◆ Instructions for the task
From the entries below, print exactly the span beginning with the line holding "Kledingkast met één" and ending with the line holding "Jesus Gave Me", endpoints included, and skip any pictures.

◆ Record extracts
^^^^^^^^^^^^^^^^

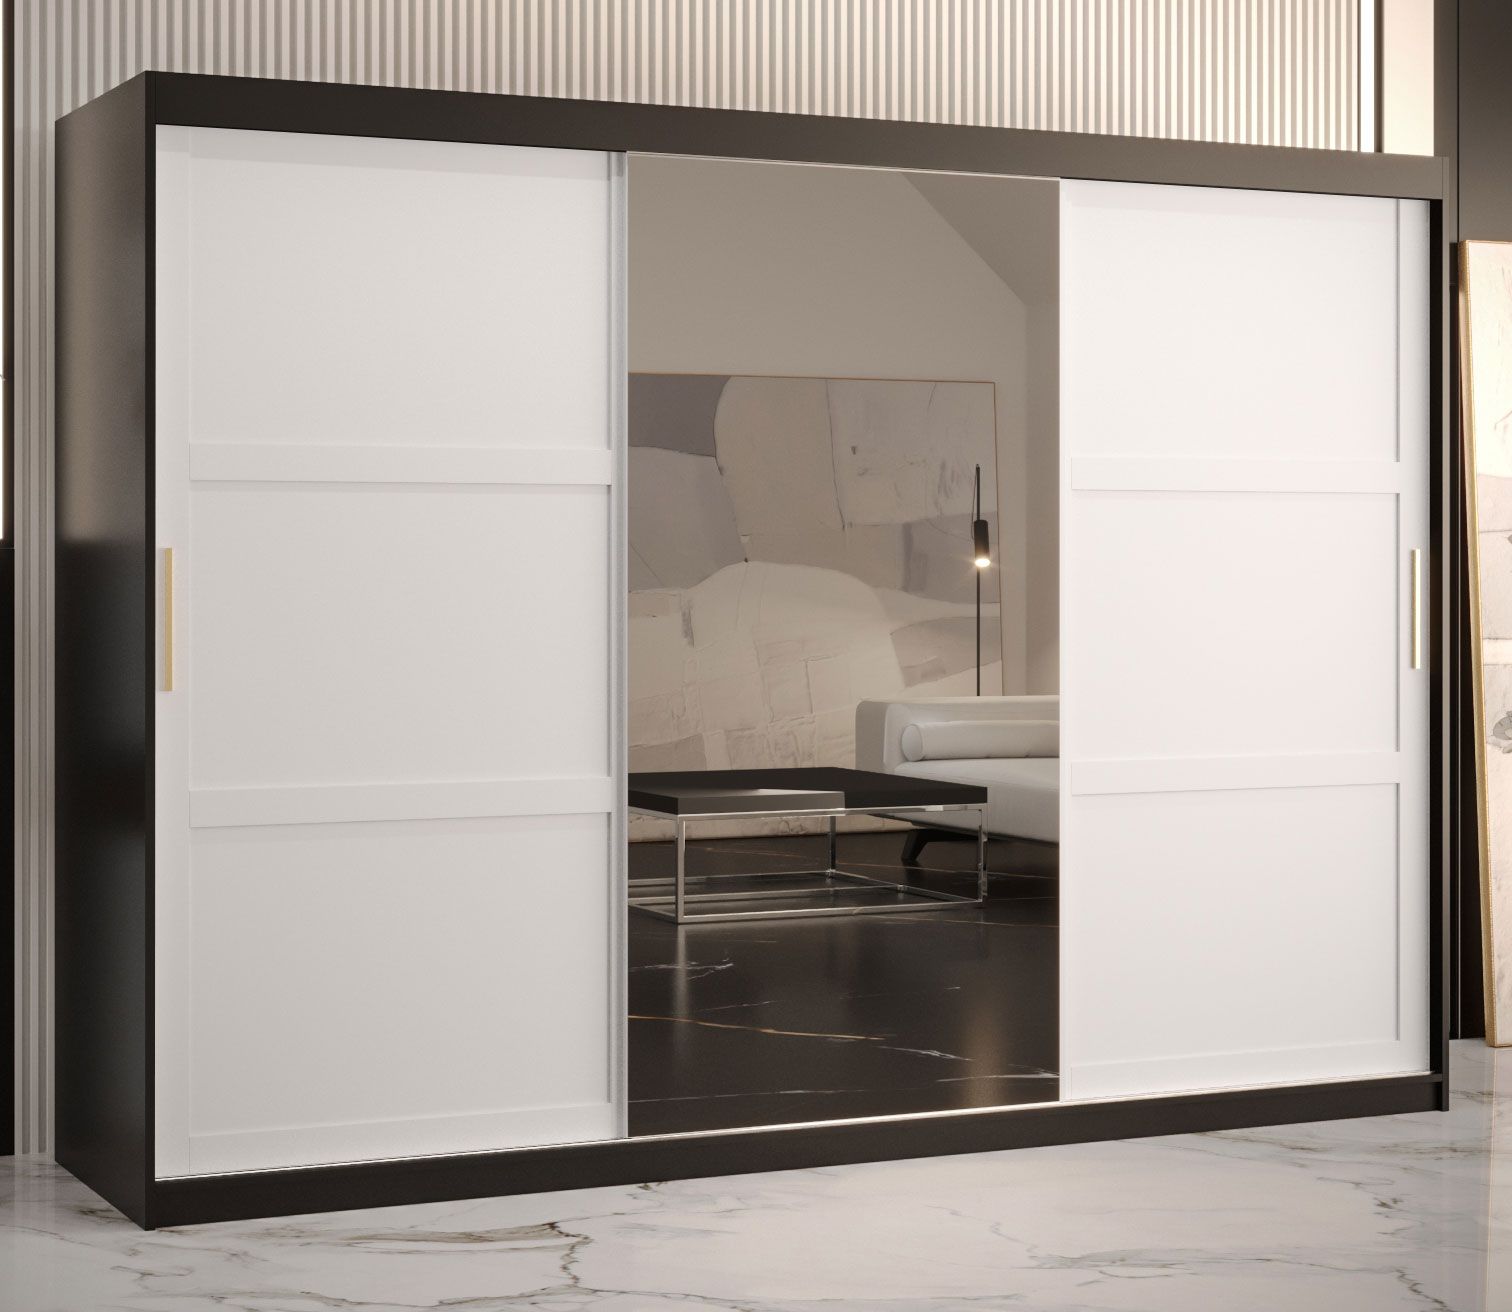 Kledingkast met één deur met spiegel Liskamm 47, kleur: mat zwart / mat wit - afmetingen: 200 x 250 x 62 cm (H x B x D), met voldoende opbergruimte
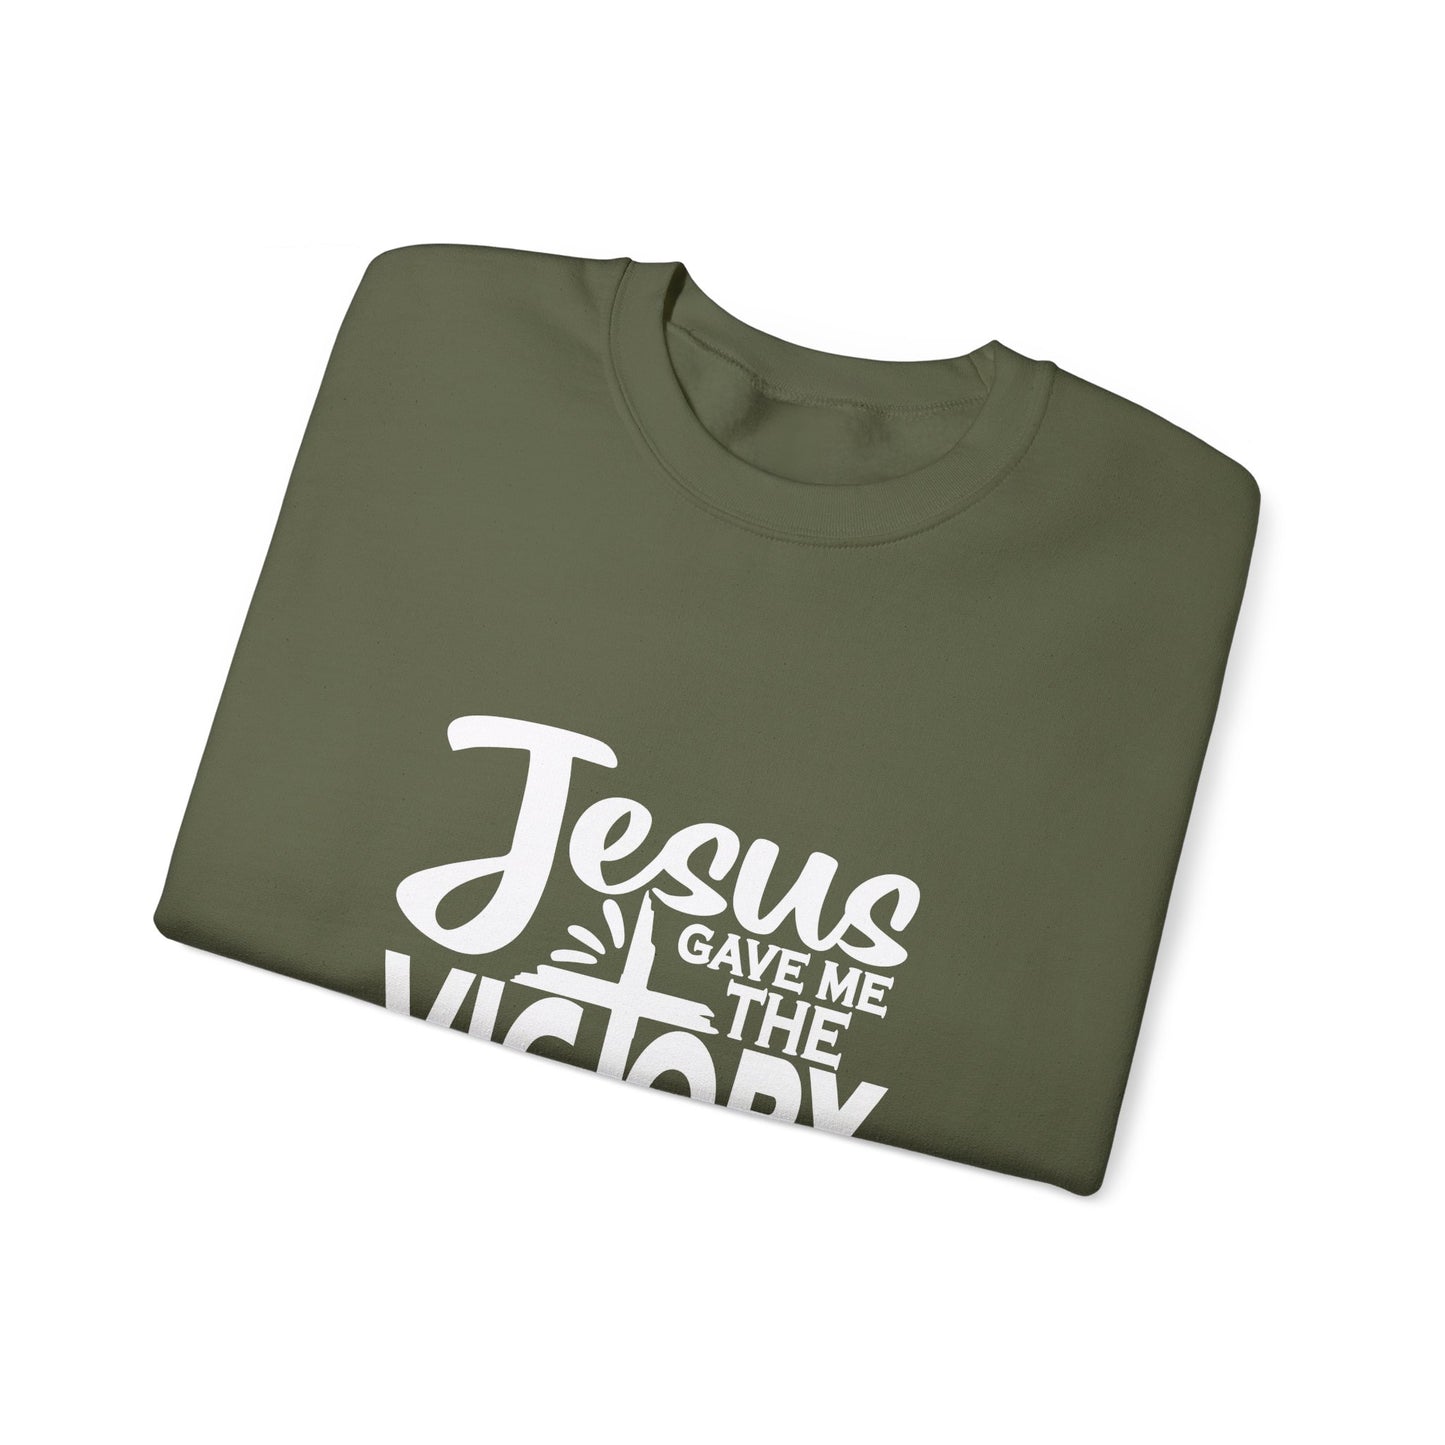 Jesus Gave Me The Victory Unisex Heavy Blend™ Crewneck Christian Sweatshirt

^^^^^^^^^^^^^^^^

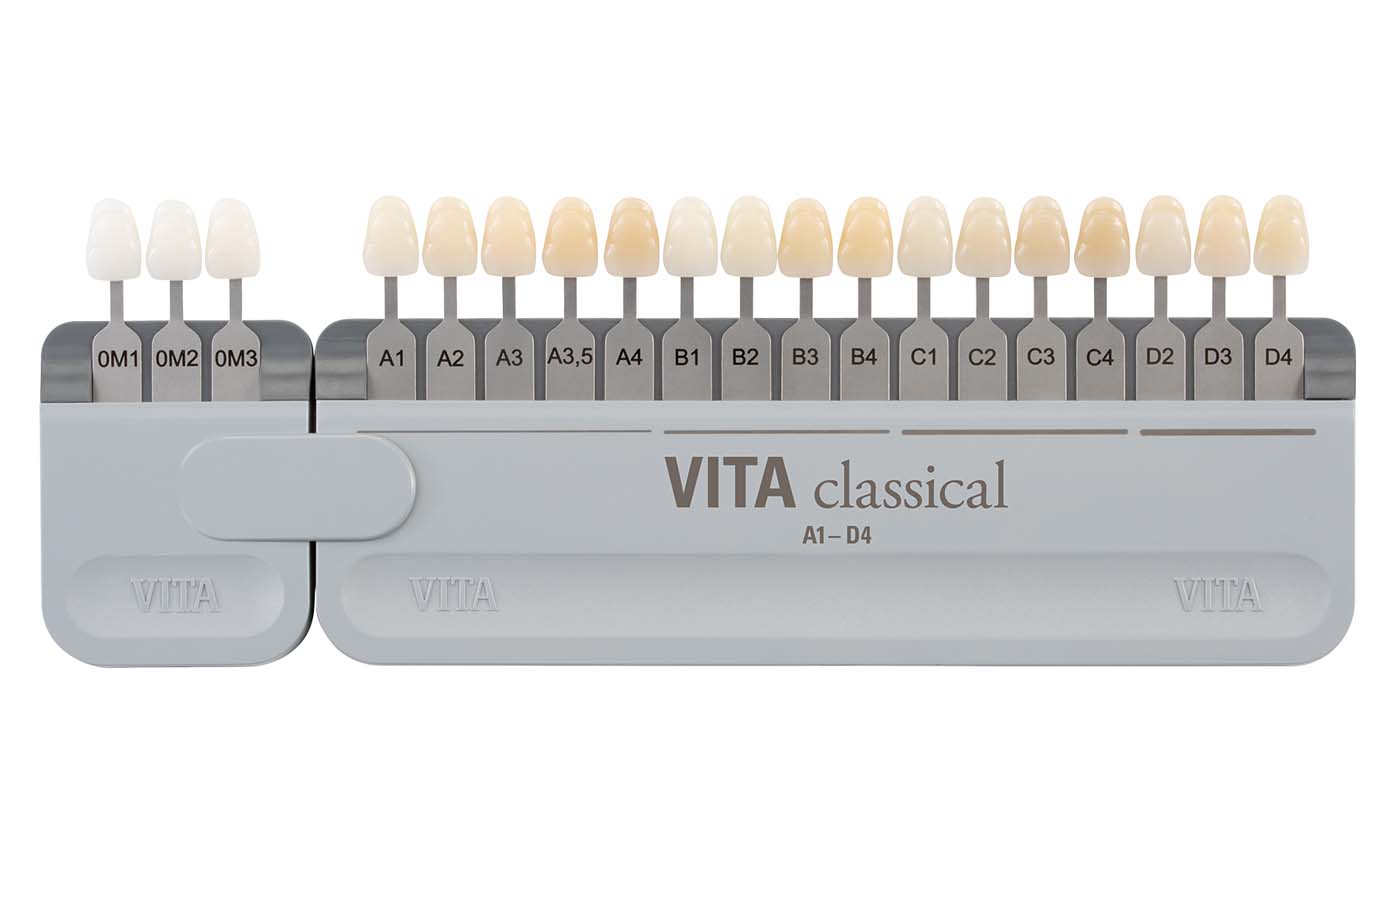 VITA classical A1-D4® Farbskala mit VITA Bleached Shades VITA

^^^^^^^^^^^^^^^^

◆ Result below
 Kledingkast met één deur met spiegel Liskamm 47, kleur: mat zwart / mat wit - afmetingen: 200 x 250 x 62 cm (H x B x D), met voldoende opbergruimte
 Jesus Gave Me The Victory Unisex Heavy Blend™ Crewneck Christian Sweatshirt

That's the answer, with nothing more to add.